The Diagnosis and Management of Hypothyroidism

Bhuvana Guha, MD, Guha Krishnaswamy, MD, And Alan Peiris, MD, PhD, MRCP

Disclosures

South Med J. 2002;95(5):475-480. 

In This Article

Management

Many different forms of thyroid replacement therapy have been used in the past. Currently, patients should be treated with levothyroxine.[1,16] The use of generic thyroxine, with its variable bioavailability, may result in the need for additional testing. Since the cost difference between brand-name and generic thyroxine preparations is not substantial, many endocrinologists prefer not to use generic thyroxine. In patients with primary hypothyroidism, the TSH level should be lowered to about the midpoint of the normal range. The average dose of levothyroxine required in adults is approximately 1.0 to 1.7 µg/kg. In young adults without associated illnesses, the starting dose can be estimated from this calculation. The etiology of hypothyroidism may influence the replacement dose of thyroxine needed. Patients who have had a total thyroidectomy or chronic autoimmune thyroiditis may need larger doses than those who have not. Kabadi et al[17] were able to predict the dose of thyroxine required based on the pretreatment TSH level. Following total thyroidectomy for differentiated thyroid cancer, a lower TSH value (eg, <0.1) may be desirable. In the treatment of central hypothyroidism, the goal is to achieve a normal free-T4 level, since the TSH level may be unreliable in this setting. Patient education regarding the adverse effects of thyroxine replacement should include advice against "doubling-up" following days in which the usual dose was not taken. Once thyroid function tests and clinical status are stable, thyroid function tests should be monitored approximately every 6 to 12 months.

Patients unable to take thyroxine for several days do not need additional intervention, given the long half-life of thyroxine. Patients unable to take oral thyroxine for more prolonged periods, however, may need daily intravenous supplementation with approximately 80% of the daily oral dose.

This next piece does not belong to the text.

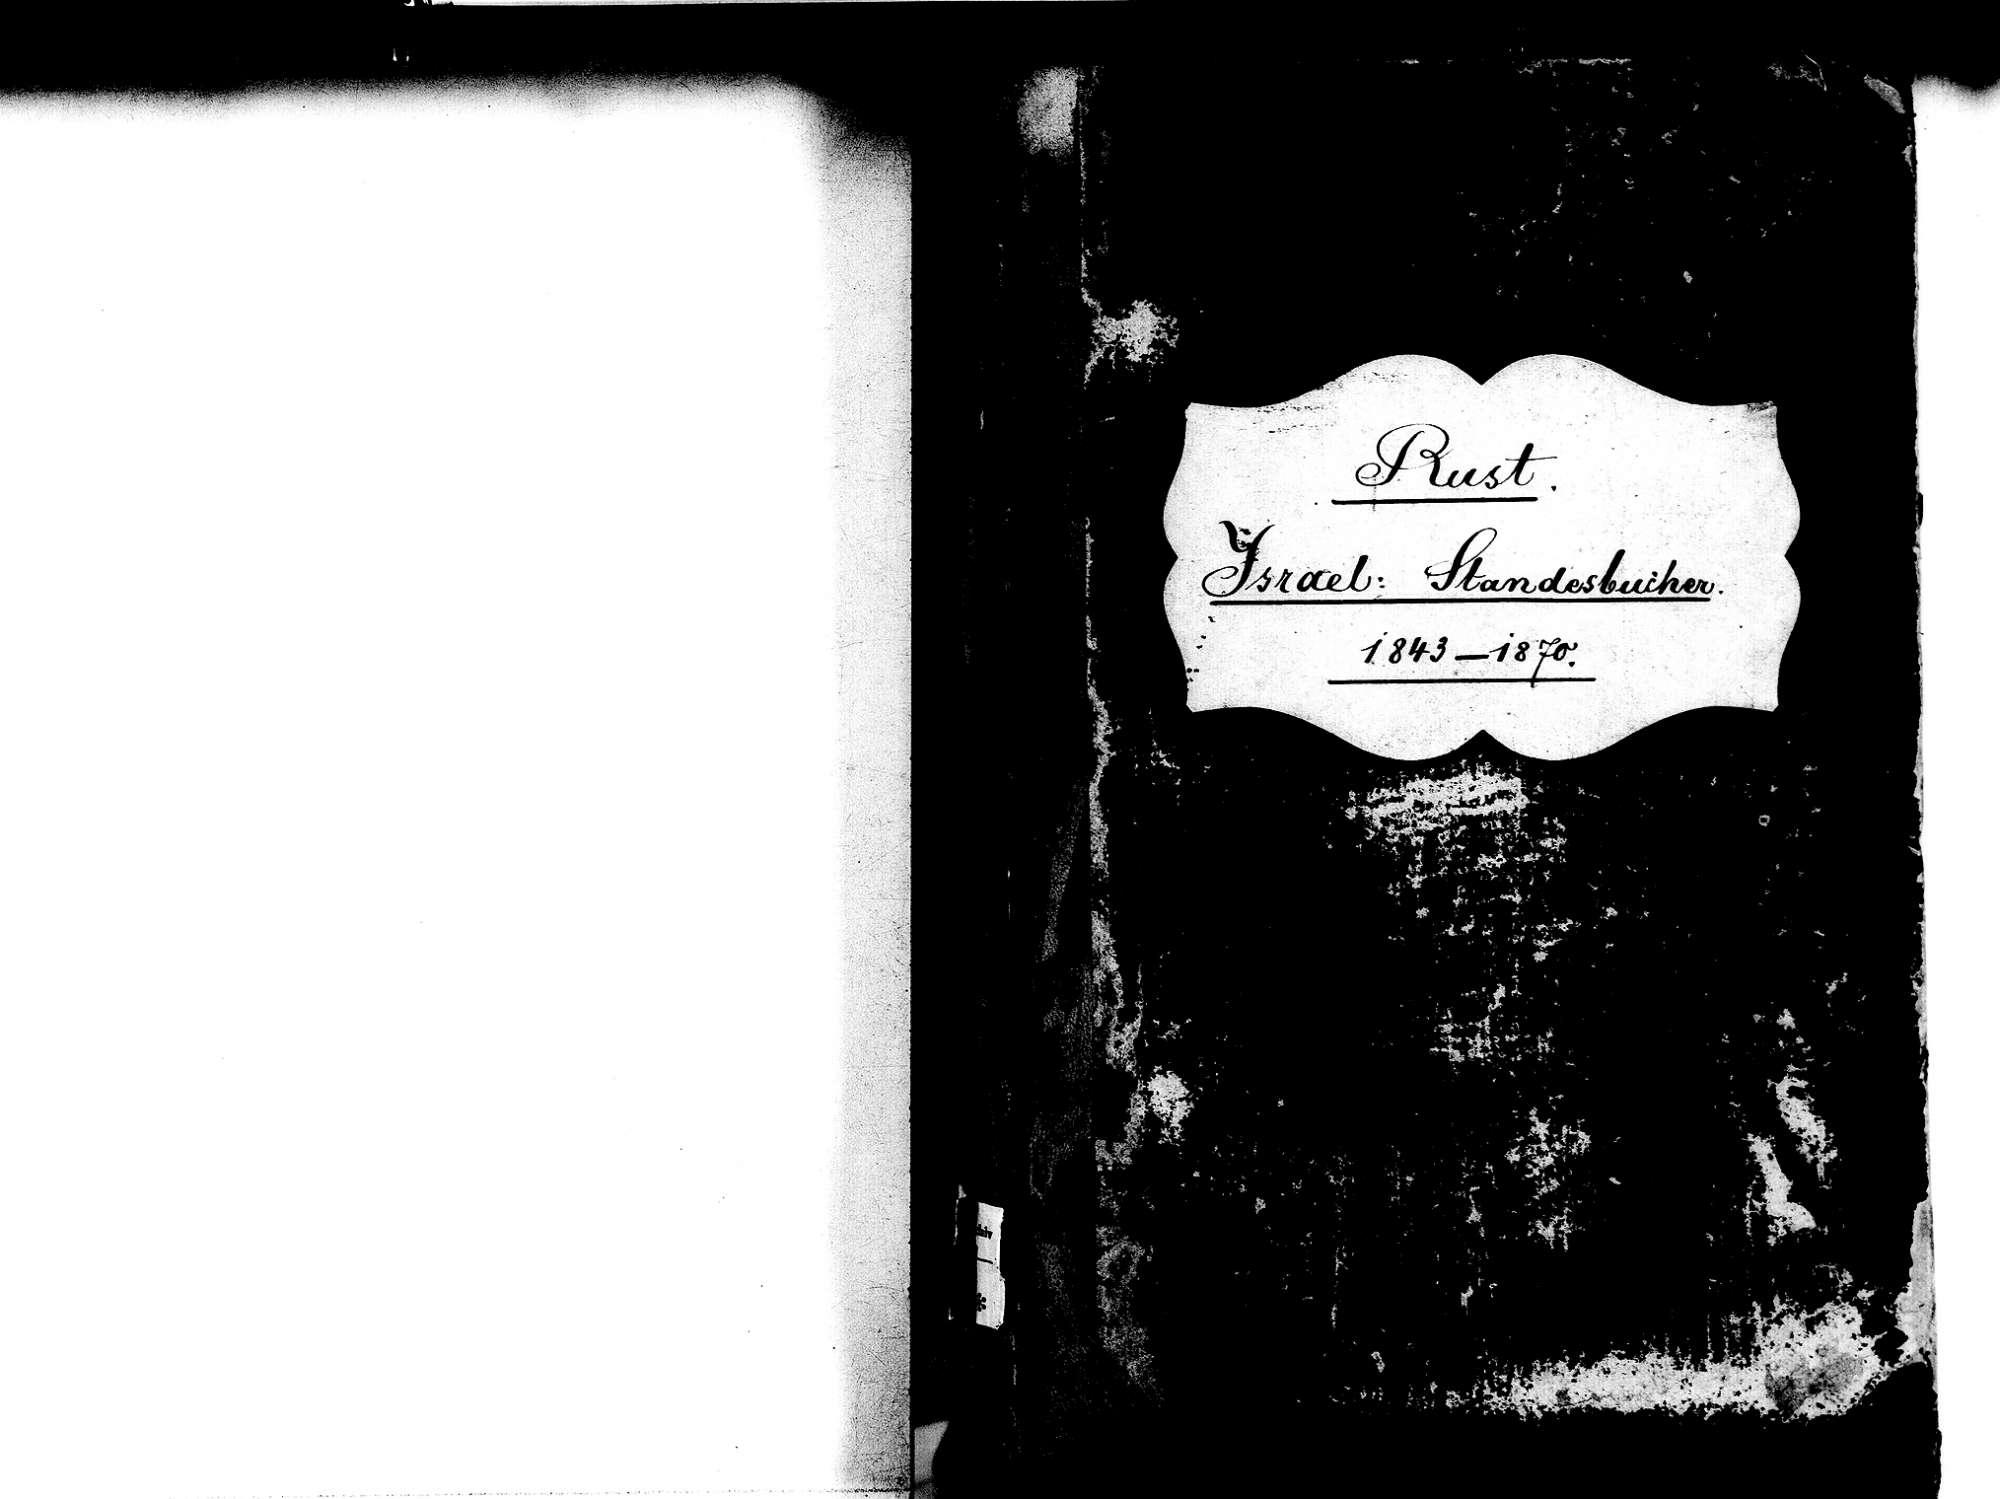 Rust OG; Israelitische Gemeinde: Standesbuch 1843-1870, Bild 2
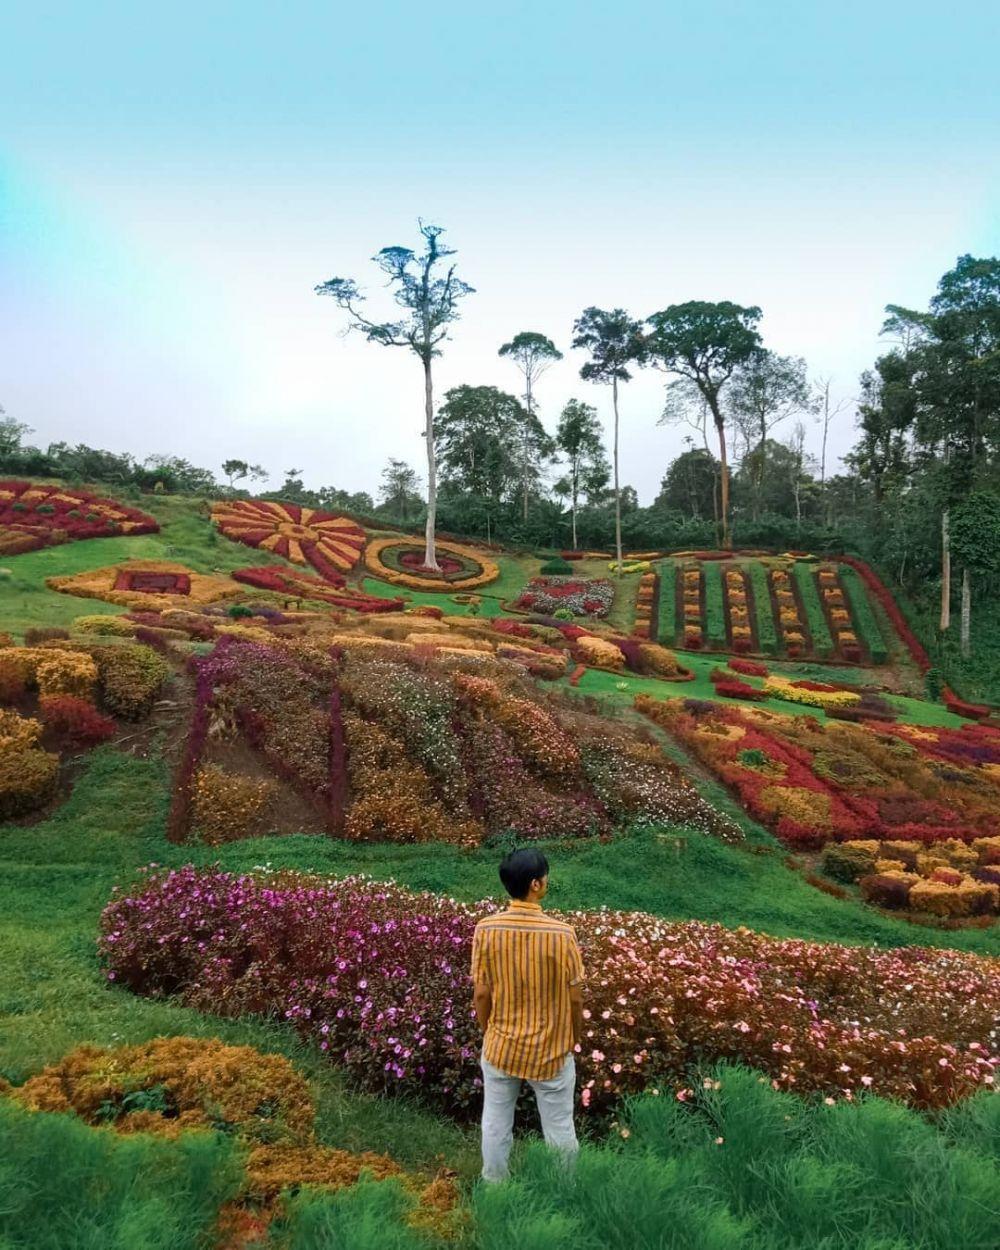 8 Wisata Alam ala Kabupaten di Sumatera Barat Ini Dijamin Bikin Senang

The persistence of symptoms while taking thyroxine replacement have raised questions about the role of T3 in therapy. Moreover, the increased interest in alternative medicine has resulted in patient inquiries regarding replacement therapy with "more natural" whole thyroid. While the administration of thyroxine leads to normal levels of T4 and T3, the question of tissue levels achieving normality has been raised by studies of thyroidectomized animals. Using T3 for chronic replacement is currently not recommended, due to its short half-life and the wide fluctuations in serum levels. Combined T4-T3 preparations are available as desiccated thyroid, with 10 µg of T3 and 40 µg of T4 in one grain (60 mg), and liotrix, which contains a 4:1 ratio of T4 to T3. Most endocrinologists favor levothyroxine therapy over these combined preparations or thyroid extract, due to its more predictable absorption leading to more stable serum levels, as well as better standardization of the medication. Bunevicius et al[18] reported improved mood and symptom relief when T4 was combined with T3, compared with thyroxine replacement alone. At the end of that study, patients preferred the combination form of treatment. Given the short duration of the study, additional investigations are needed to confirm these findings and evaluate possible adverse effects from combination therapy before widespread use is recommended. Multiple factors lead to persistent elevation of TSH values in patients treated for primary hypothyroidism ( Table 5 ).[19]